The speech worked -- according to Rick Perlstein, NBC got more than 2 million telegrams almost universally sympathizing with Nixon. But it would come to be forever mocked for its mawkishness as 'The Checkers Speech.' So the museum calls it the 'Fund Speech.'
This photo -- Nixon shaking hands with Emperor Hirohito -- may help answer his foundation's connection to the Japanese government.
One of the biggest questions we had was how the museum would treat Nixon's infamous debate against John Kennedy in 1960. Not only did they not skim over it, they recreated an entire living room for it.
But again, the museum finds a way to blunt the blow of Nixon's worst moments. Facing the TV is this wall of letters from children wishing he'd won the 1960 election.
The way museum looks at the '68 election, one of the most consequential in U.S. history, is rather strange. It ends up being divided into two sections, one capturing the spirit of the times, and another talking about Vietnam. The former doesn't get much beyond this mural.
And there's a small section about how Nixon played the swamp Johnson walked into by escalating Vietnam. But that's it....
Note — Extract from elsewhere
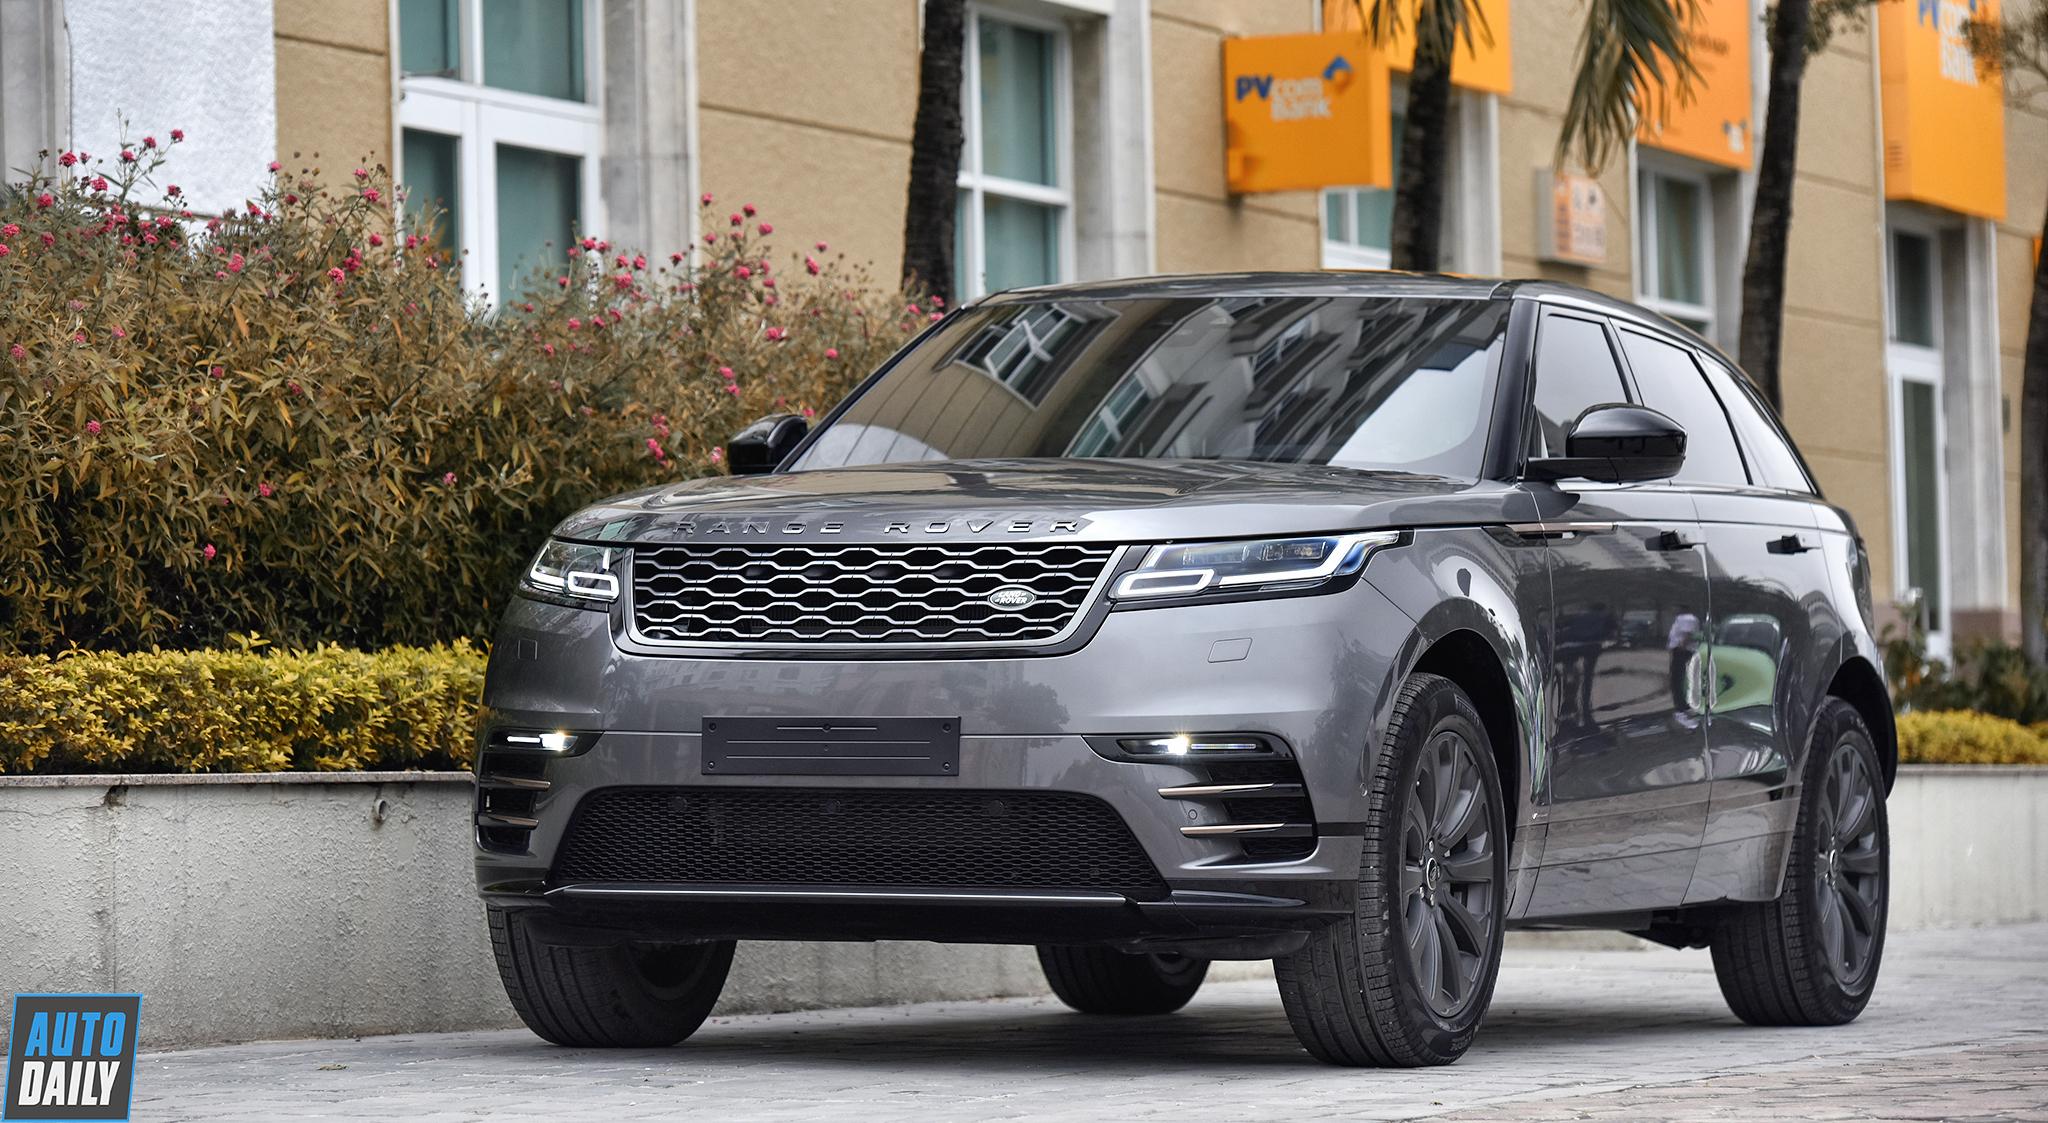 range-rover-velar-autodaily-22.jpg

And here begins some of the stronger imposition of Nixon's viewpoint. While the argument that Nixon did not have a 'secret plan' is technically true, Nixon did nothing to dispel the idea that he did, according to the New York Time:
'Even though Richard Nixon didn't have one, the notion that he had a secret plan to end the Vietnam war helped him win the presidency in 1968.
'Actually, 'secret plan' wasn't Nixon's term; a reporter on deadline used it as he covered Nixon's speech promising quick victory in that vastly unpopular war. But recognising the power of those deceiving words, and politics being politics, Nixon never corrected the journalistic shortcut.'
This panel was perhaps the most egregious example. Many historians view Nixon's secret bombing campaign in Cambodia, which killed between 150,000 to 500,000 civilians, as a reprehensible power grab at worse.
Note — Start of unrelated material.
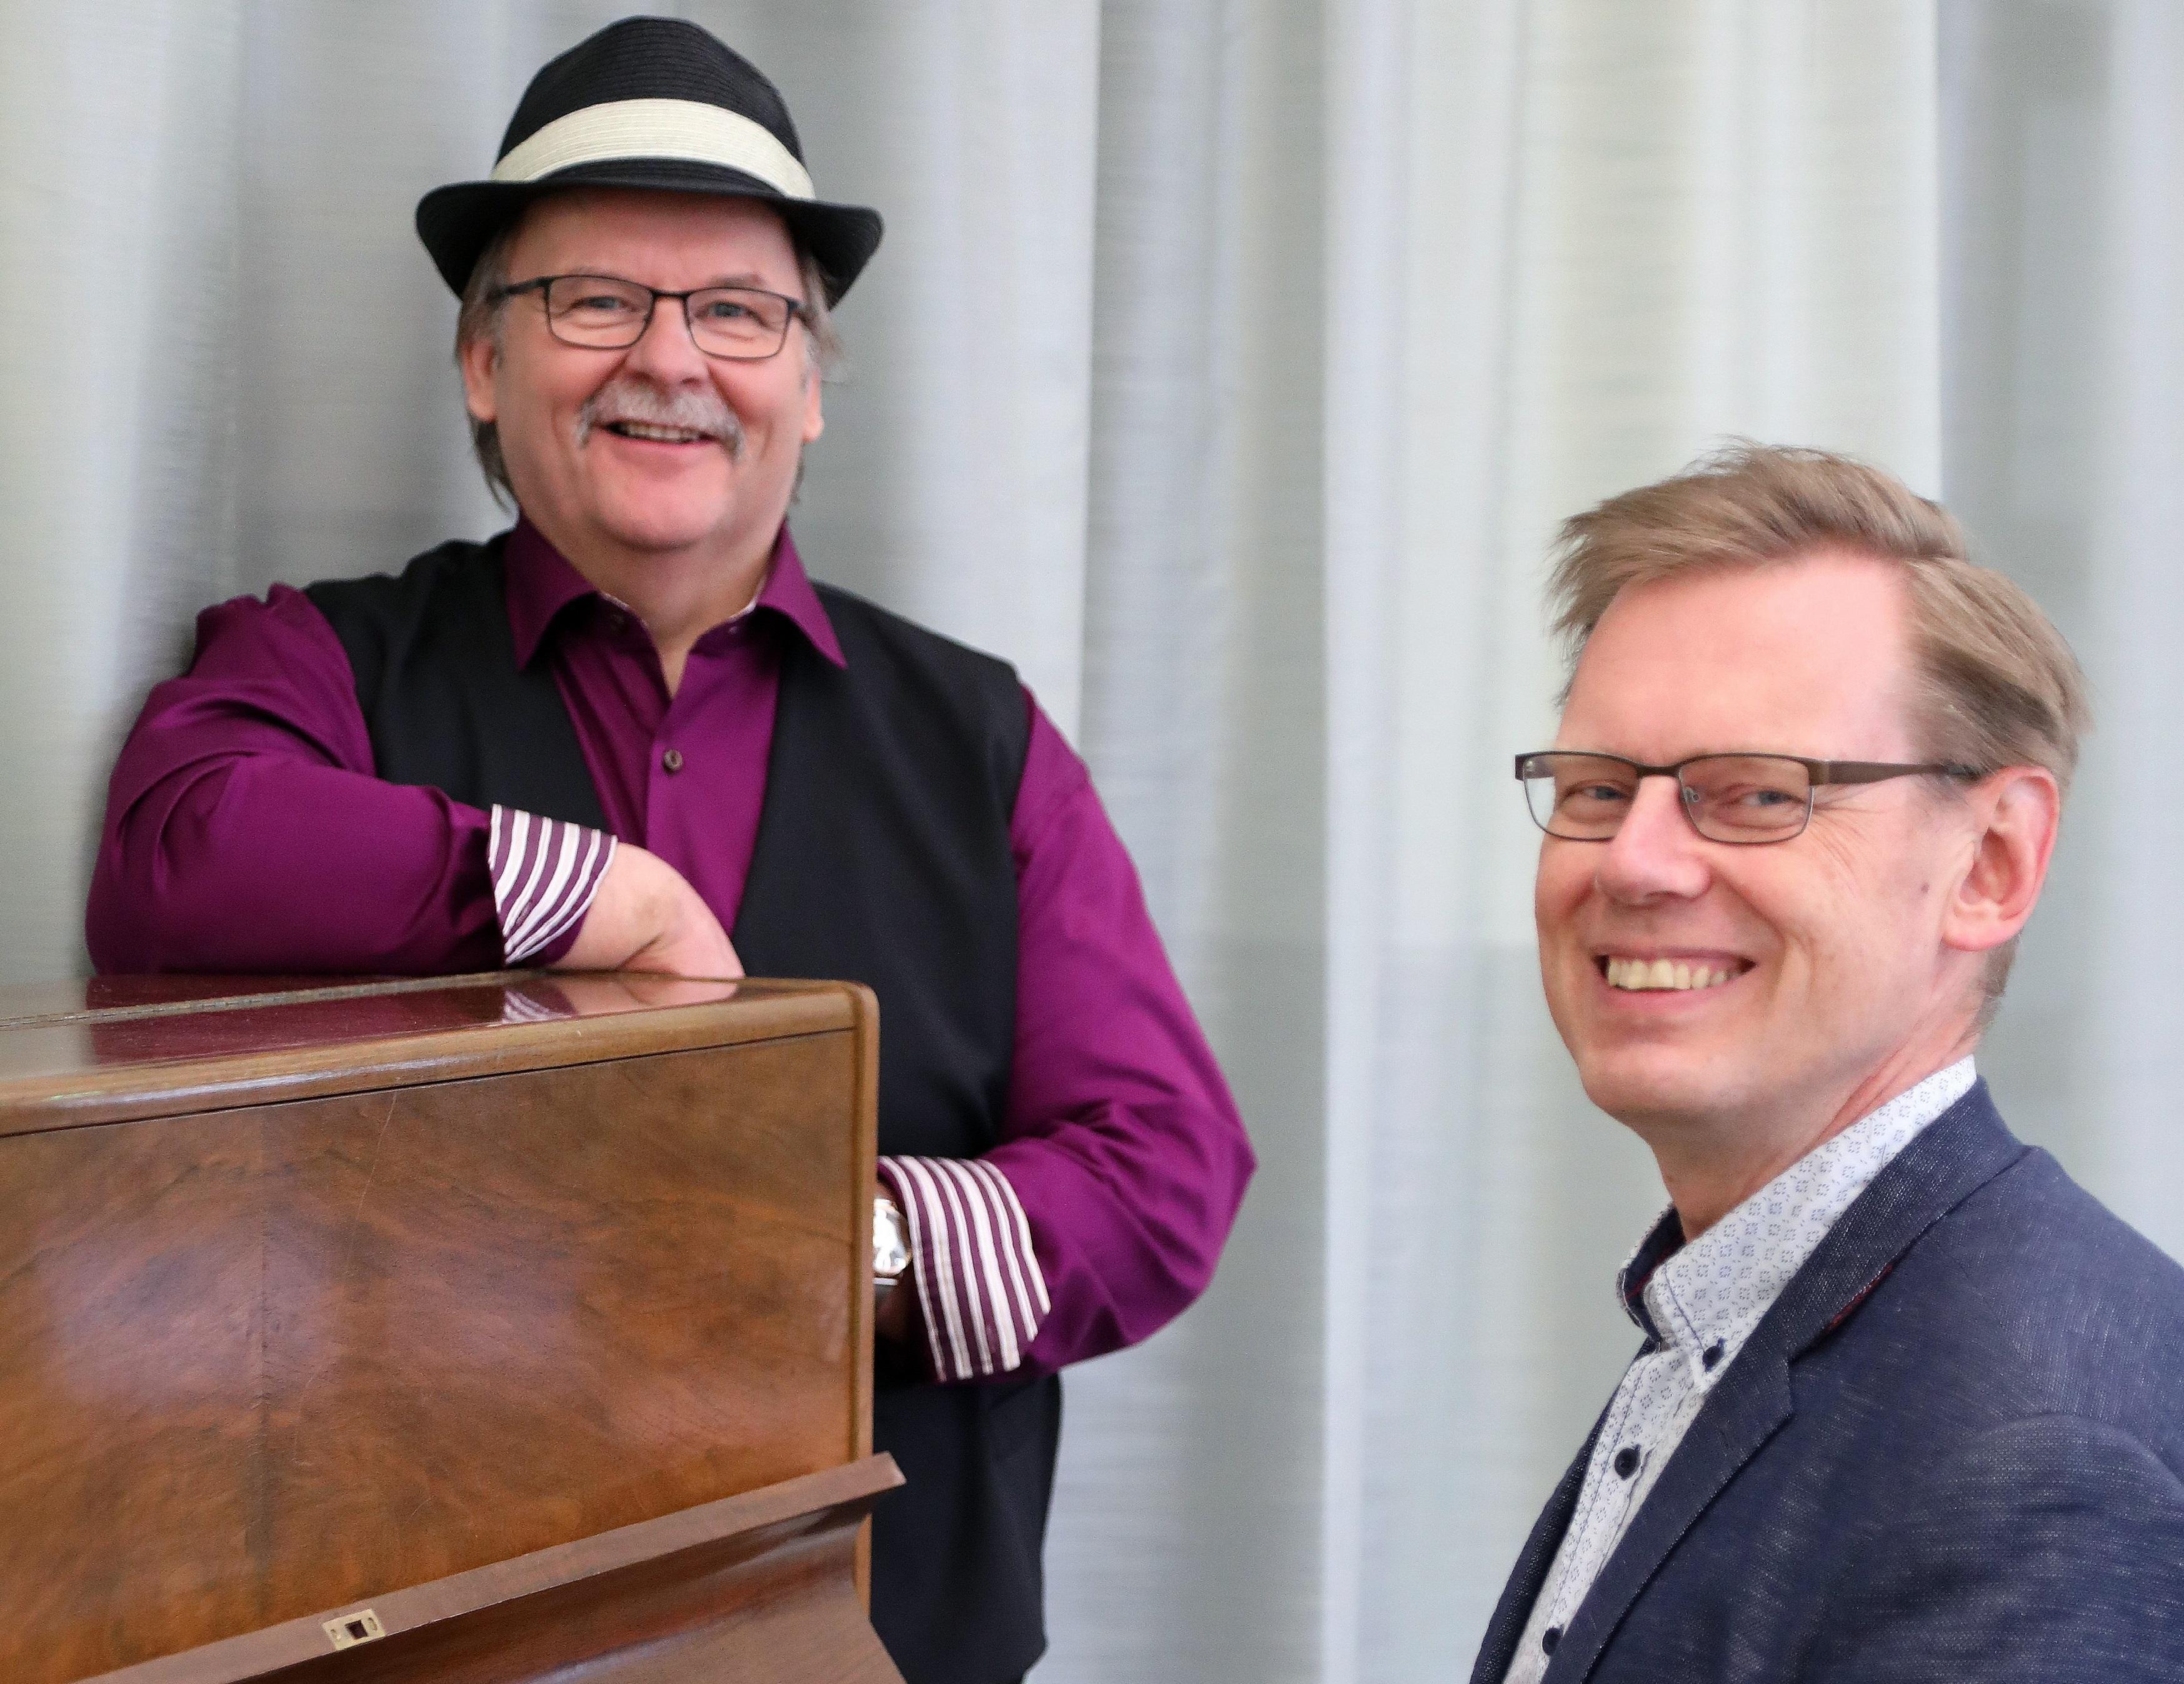 Verkkotapahtuma: #26 Yhteislaulut kotona, laulattajina Martti Kuurila ja Jussi Tamminen

Nixon kept the campaign secret from Congress for months. Many commentators also believe the bombings may have constituted war crimes.
Instead, the 'violation of sovereignty' the museum refers to here are the bases the North Vietnamese set up there from which they could launch campaigns in the south.
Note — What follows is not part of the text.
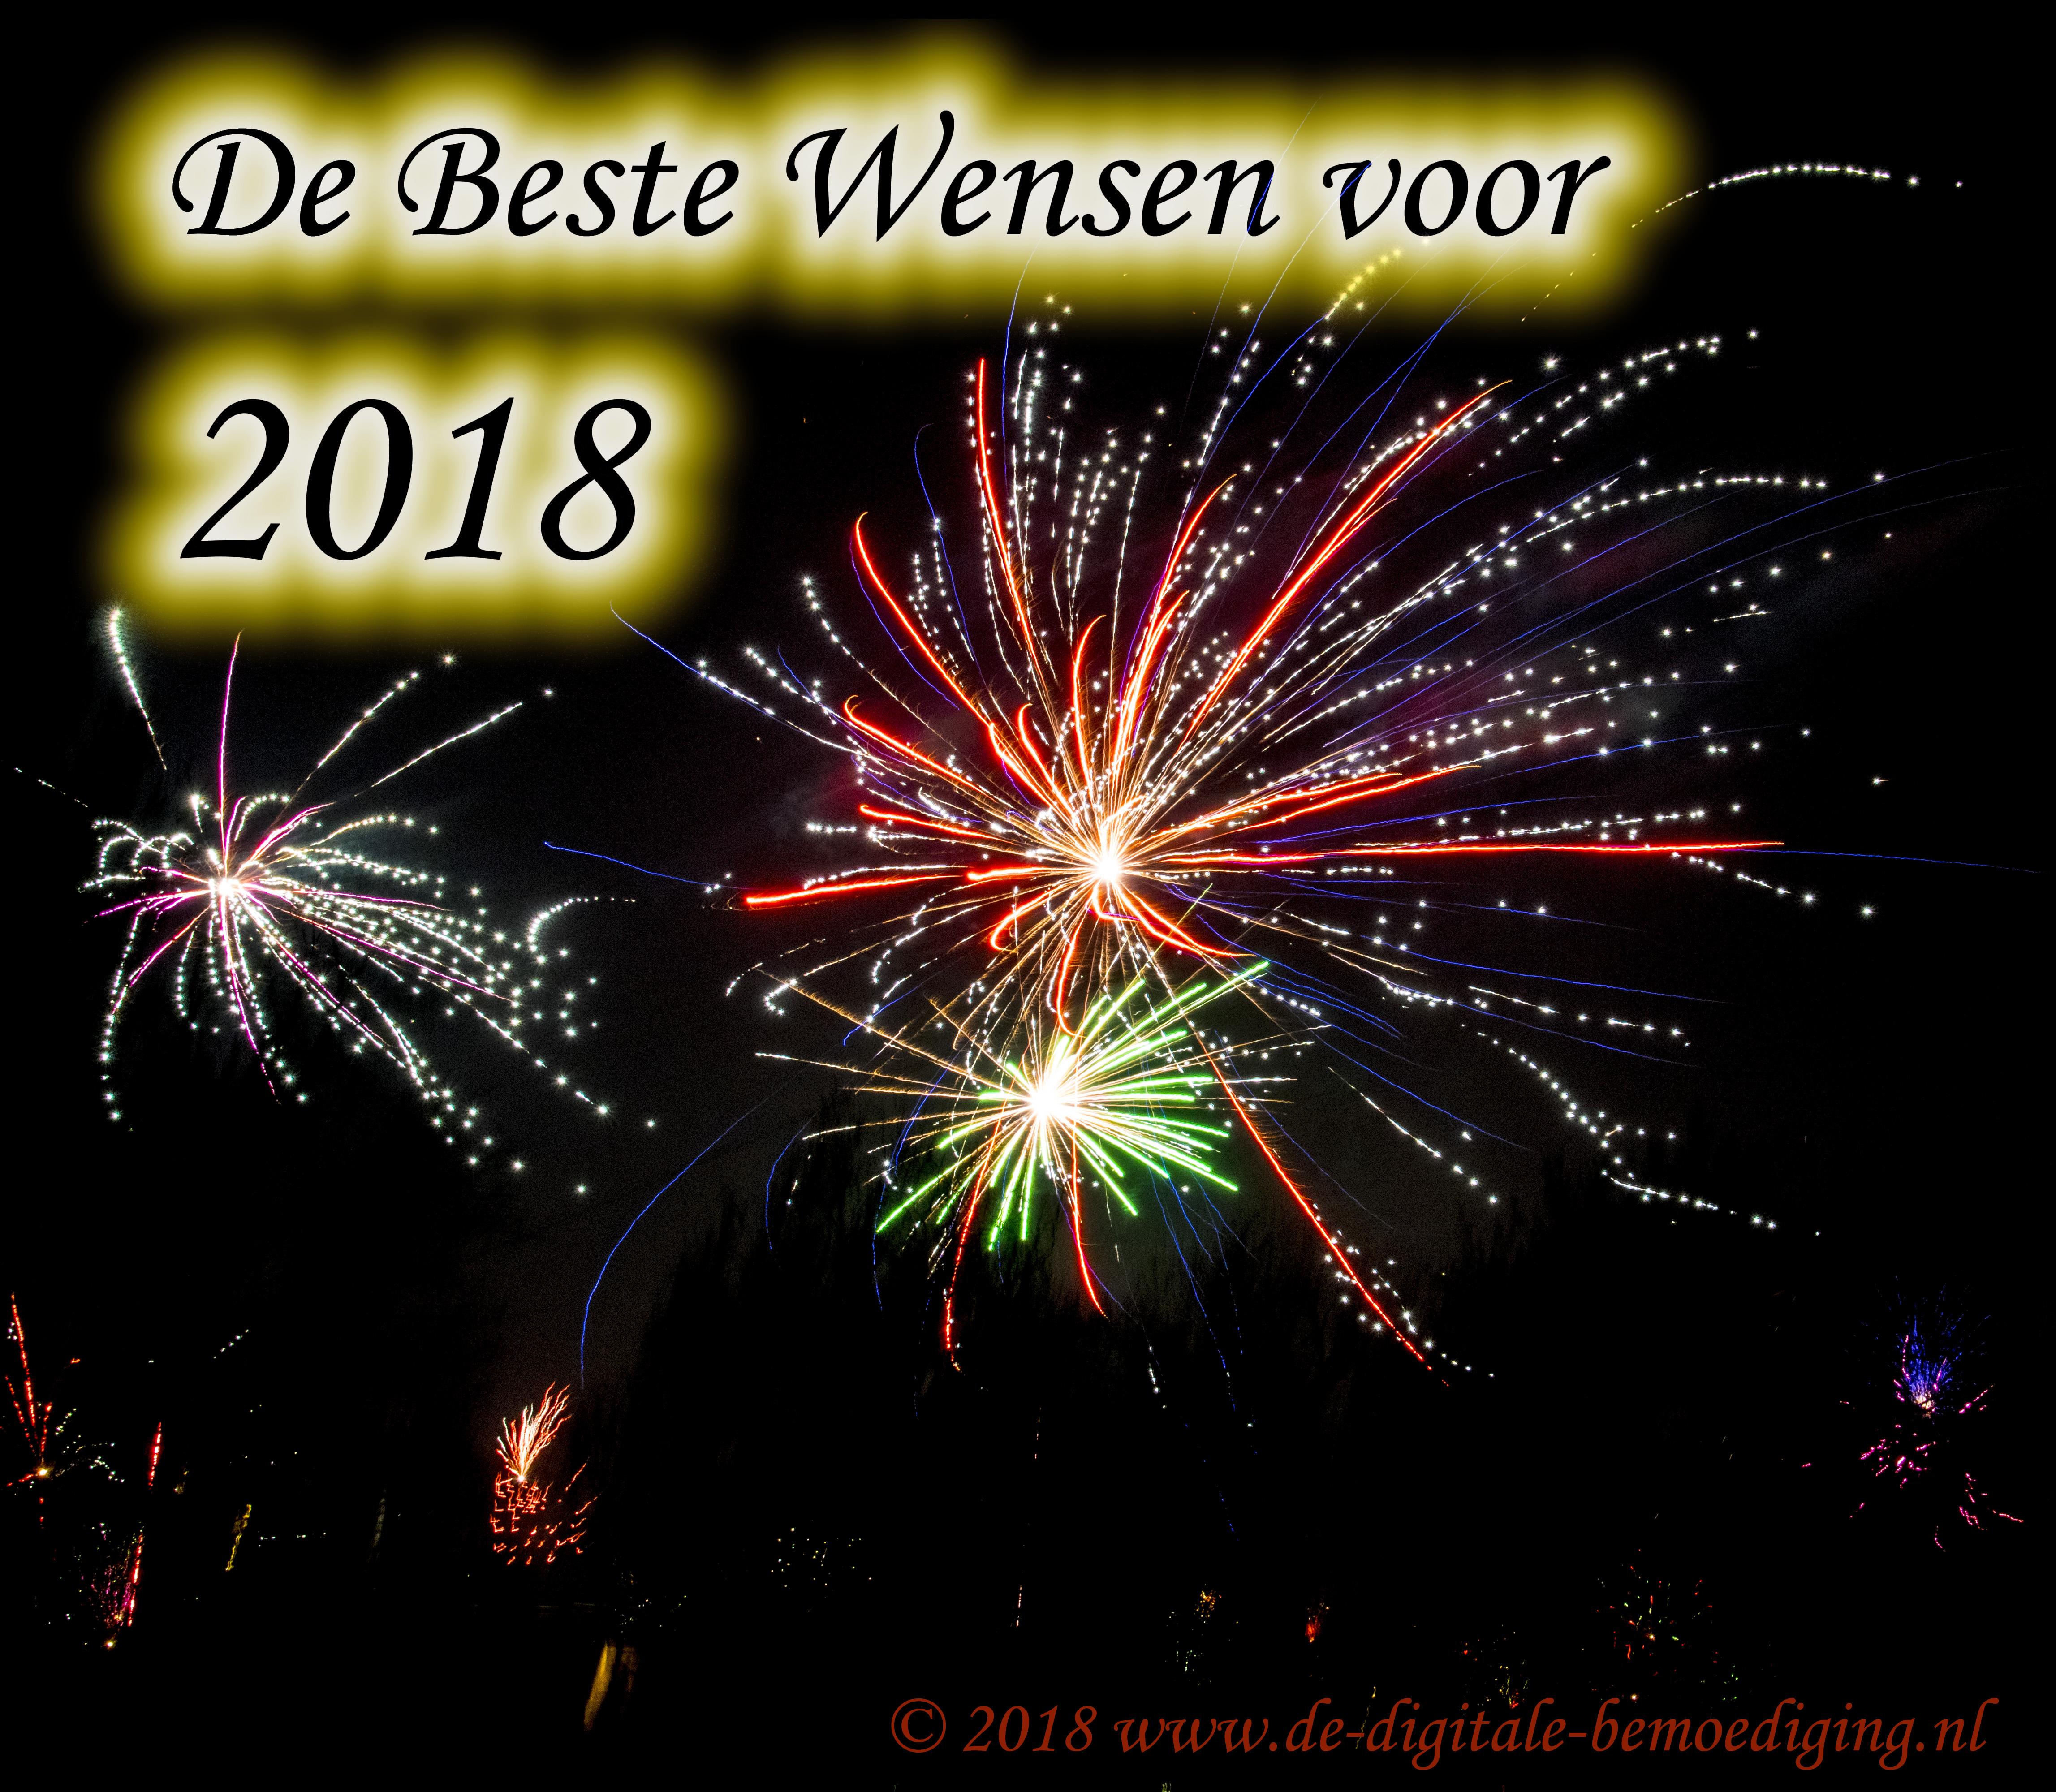 De Beste Wensen 2018!

Meanwhile, the surrounding section is dominated by Nixon's other foreign policy achievements, including his groundbreaking trip to China. Here's the crate used to transport the pandas Chairman Mao gifted the U.S.
Nixon famously sent two steer.
Arguably the more disappointing and surprising elements of the museum -- though perhaps a function of simple space constraints -- was how little time was spent on Nixon's domestic achievements.
Nixon's considerable policy accomplishments at home came to be overshadowed by
The museum divides them into six panels that look like this. This one may seem strange but alludes to Nixon's lowering the voting age to 18, which he did somewhat grudgingly.
Meanwhile, many Americans -- including patrons we spoke with at the museum -- may not know Nixon created the EPA.
Some would argue this achievement deserves its own wing. Instead it gets a small panel.
Whatever Nixon's personal attitudes toward race may have been, he helped advance desegregation in schools.
The biggest mystery was how the museum would treat Watergate. As we mentioned in the intro, this exhibit was put together by the National Archives and not the foundation.
You can immediately tell the foundation wasn't involved -- It turns out to be pretty hokey. It's pretty much a kids tour of a scandal that defined a generation.
You can press a button to see where Nixon's taping equipment was located.
That kind of thing comes at the expense of explaining the complicated origins of the break-in and cover-up, which are explained as having stemmed from Daniel Ellsberg's leaking of the Pentagon papers.
And there is arguably too much focus on the role of his lieutenants and not on the President himself -- though Bostock told us he finds the section too anti-Nixon.